PROVIDED RECORDS START
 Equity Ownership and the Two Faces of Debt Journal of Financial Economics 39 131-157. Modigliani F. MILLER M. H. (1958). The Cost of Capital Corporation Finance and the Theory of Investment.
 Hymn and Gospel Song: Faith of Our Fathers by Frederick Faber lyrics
PROVIDED RECORDS END
PROVIDED RECORDS START
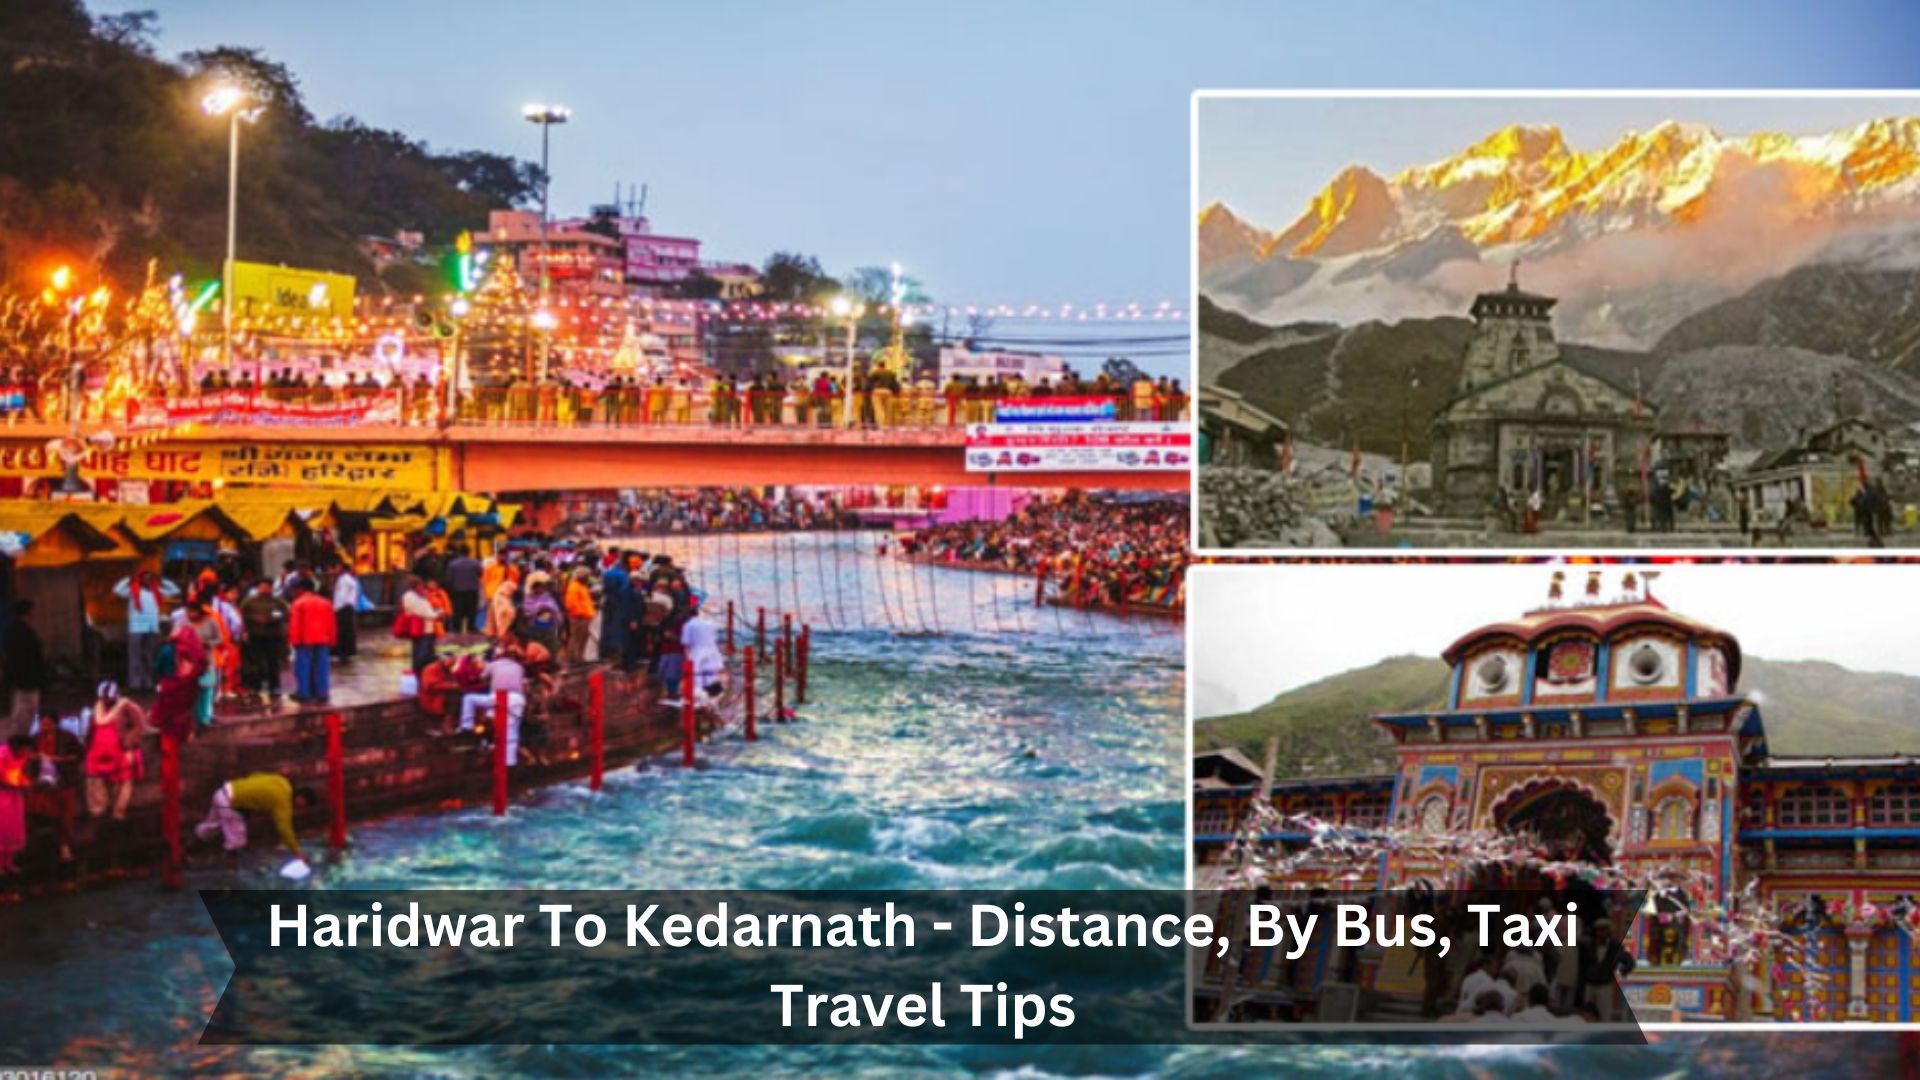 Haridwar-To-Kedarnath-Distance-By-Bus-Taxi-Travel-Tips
PROVIDED RECORDS END
**PROBLEM REQUIREMENTS**
Set down, unchanged, only those lines above that fall between the line with "Equity Ownership and" and the line with "Hymn and Gospel", the two end lines included.

**RESPONSE TO THIS TASK**
 Equity Ownership and the Two Faces of Debt Journal of Financial Economics 39 131-157. Modigliani F. MILLER M. H. (1958). The Cost of Capital Corporation Finance and the Theory of Investment.
 Hymn and Gospel Song: Faith of Our Fathers by Frederick Faber lyrics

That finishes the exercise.